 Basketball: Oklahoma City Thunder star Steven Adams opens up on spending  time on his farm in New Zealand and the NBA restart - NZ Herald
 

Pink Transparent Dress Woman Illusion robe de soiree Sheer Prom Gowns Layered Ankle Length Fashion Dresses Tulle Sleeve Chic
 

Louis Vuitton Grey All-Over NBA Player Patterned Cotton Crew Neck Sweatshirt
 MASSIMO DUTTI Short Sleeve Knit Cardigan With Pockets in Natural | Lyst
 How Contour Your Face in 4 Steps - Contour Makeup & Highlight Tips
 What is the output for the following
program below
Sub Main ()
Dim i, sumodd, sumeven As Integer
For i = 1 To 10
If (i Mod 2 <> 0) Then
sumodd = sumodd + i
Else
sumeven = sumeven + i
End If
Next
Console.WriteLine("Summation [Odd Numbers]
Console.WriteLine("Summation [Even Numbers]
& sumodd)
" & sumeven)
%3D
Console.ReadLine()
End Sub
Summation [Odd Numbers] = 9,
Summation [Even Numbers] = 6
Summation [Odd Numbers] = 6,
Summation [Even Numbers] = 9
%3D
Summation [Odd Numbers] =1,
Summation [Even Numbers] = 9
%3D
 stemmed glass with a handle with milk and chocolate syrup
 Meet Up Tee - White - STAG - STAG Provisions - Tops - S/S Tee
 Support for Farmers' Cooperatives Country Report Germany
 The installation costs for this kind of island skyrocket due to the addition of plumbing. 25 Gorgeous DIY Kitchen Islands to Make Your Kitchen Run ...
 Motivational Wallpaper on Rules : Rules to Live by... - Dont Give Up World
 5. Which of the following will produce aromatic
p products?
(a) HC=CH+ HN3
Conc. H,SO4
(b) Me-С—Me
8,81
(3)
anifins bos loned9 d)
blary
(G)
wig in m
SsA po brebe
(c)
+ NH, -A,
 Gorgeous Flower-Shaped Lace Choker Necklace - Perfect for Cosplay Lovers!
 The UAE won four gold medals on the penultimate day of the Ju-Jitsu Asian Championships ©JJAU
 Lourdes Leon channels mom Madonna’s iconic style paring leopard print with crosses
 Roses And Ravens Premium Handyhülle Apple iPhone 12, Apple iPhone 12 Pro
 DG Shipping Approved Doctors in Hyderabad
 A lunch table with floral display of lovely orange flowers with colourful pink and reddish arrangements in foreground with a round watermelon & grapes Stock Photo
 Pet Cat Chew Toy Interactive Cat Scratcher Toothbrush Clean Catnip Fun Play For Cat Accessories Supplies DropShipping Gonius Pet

◇ ◇ ◇

Check each line above for the string "Gorgeous" and show the ones that have it.

 The installation costs for this kind of island skyrocket due to the addition of plumbing. 25 Gorgeous DIY Kitchen Islands to Make Your Kitchen Run ...
 Gorgeous Flower-Shaped Lace Choker Necklace - Perfect for Cosplay Lovers!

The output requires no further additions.